Given data below:
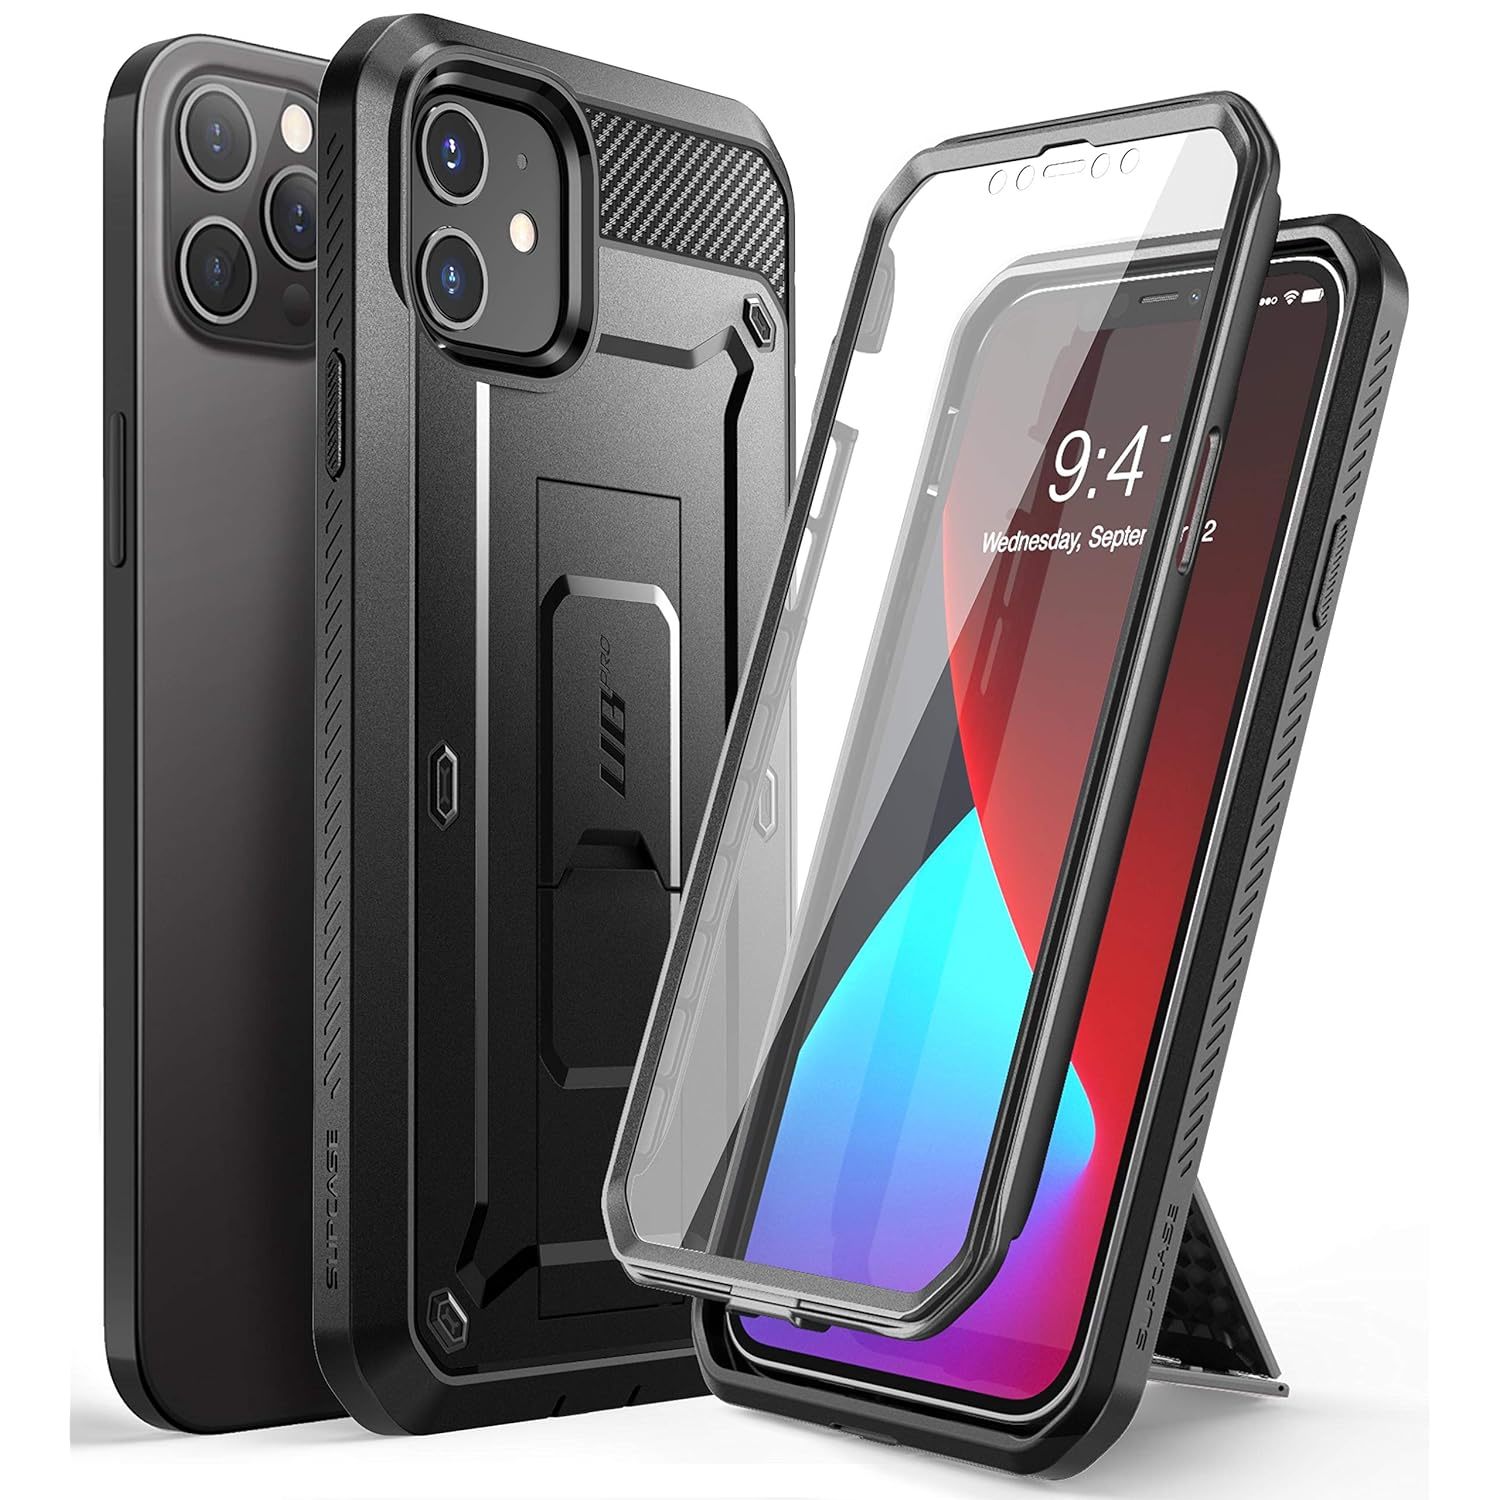 Primary image for SupCase Unicorn Beetle Pro Series Case for iPhone 12 /12 Pro (2020 Release) 6.1 
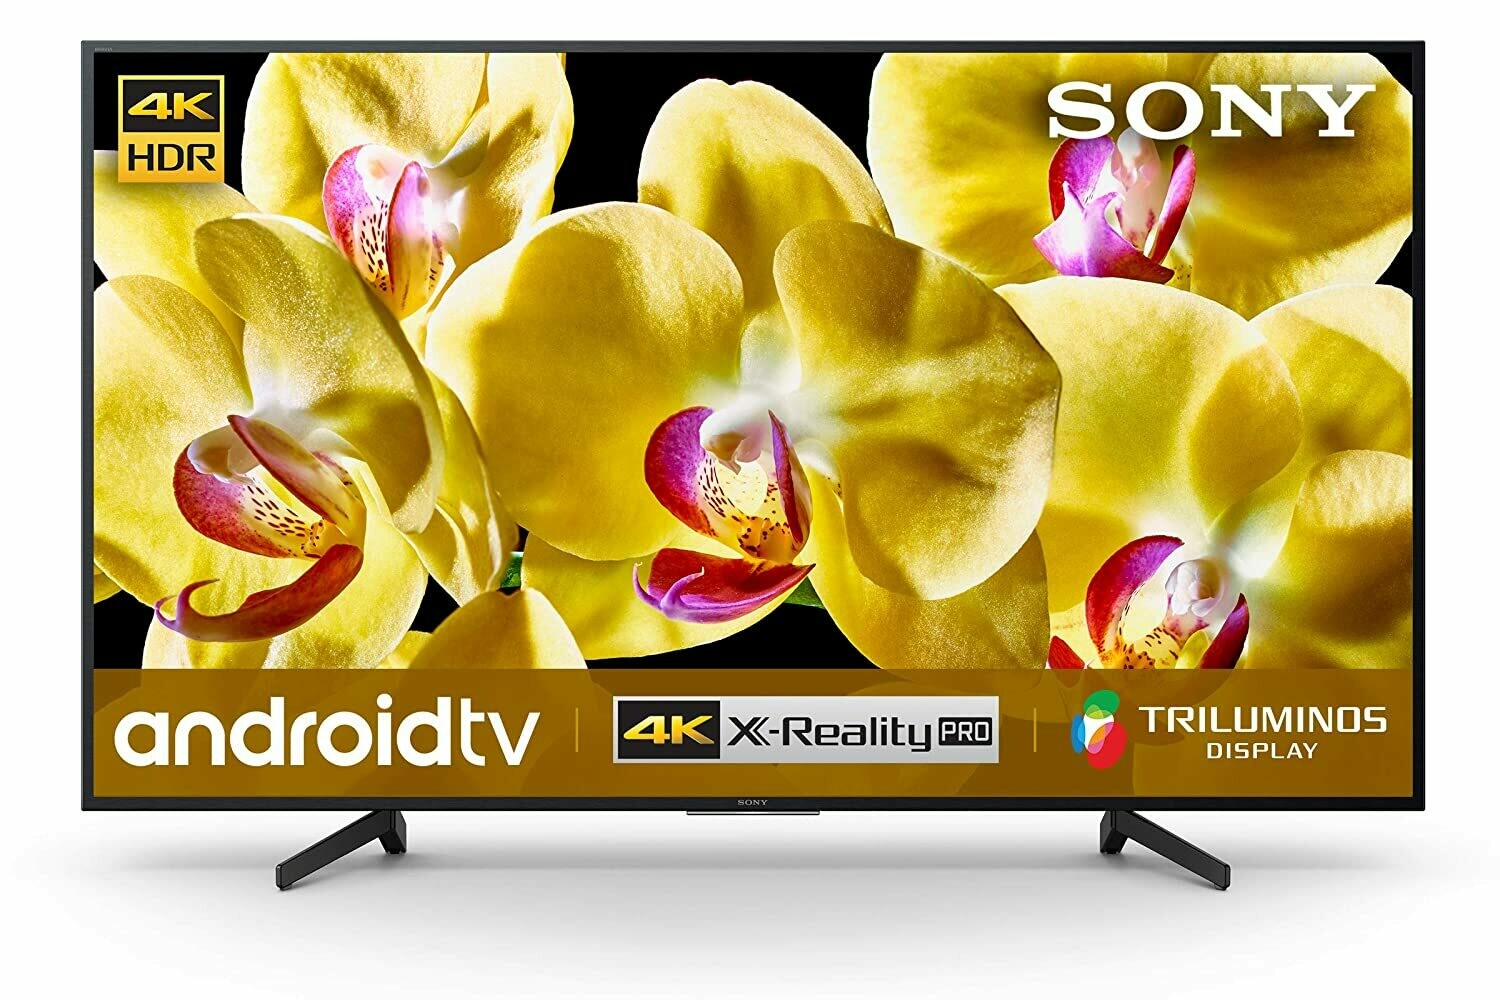 Sony Bravia 189 cm (75 inches) 4K UHD Certified Android LED TV KD-75X8000G
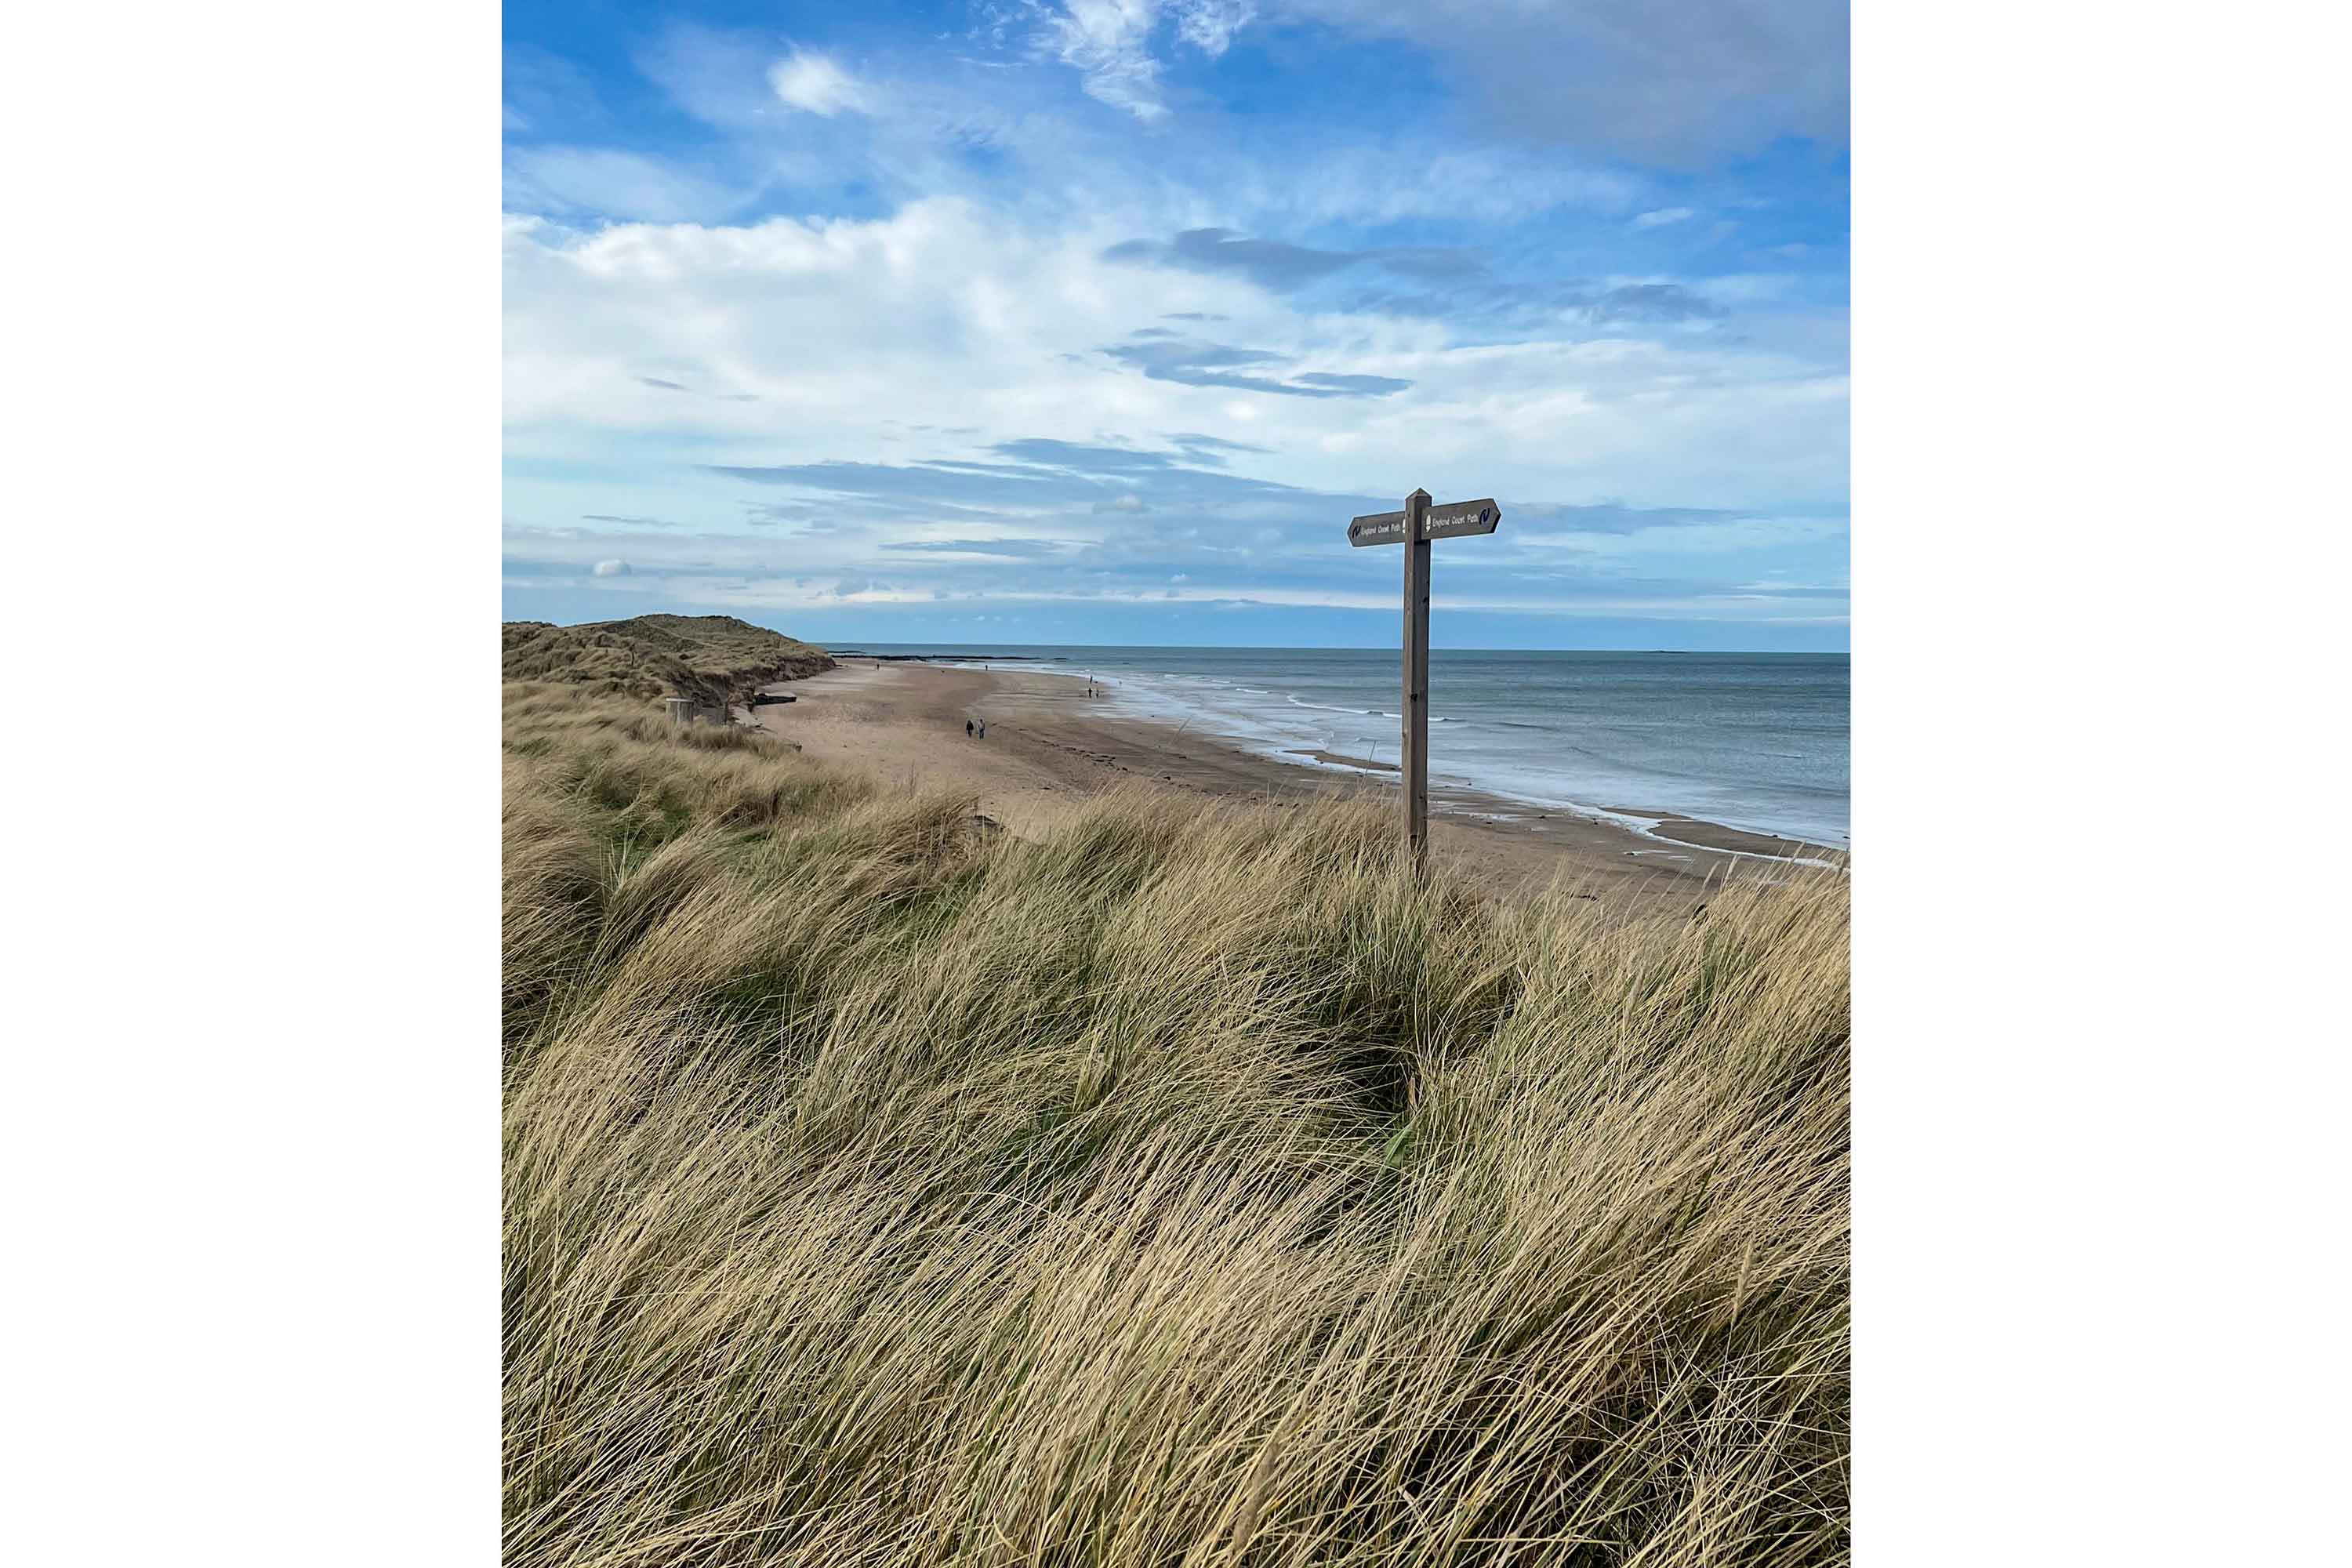 Coastal grass blowing in the wind with a wooden signpost, beach and blue sky with wispy clouds
End of Given data.
(What to work on)
Every word of the data should be reproduced exactly; please omit any pictures.

(Task output)
 Primary image for SupCase Unicorn Beetle Pro Series Case for iPhone 12 /12 Pro (2020 Release) 6.1 
 Sony Bravia 189 cm (75 inches) 4K UHD Certified Android LED TV KD-75X8000G
 Coastal grass blowing in the wind with a wooden signpost, beach and blue sky with wispy clouds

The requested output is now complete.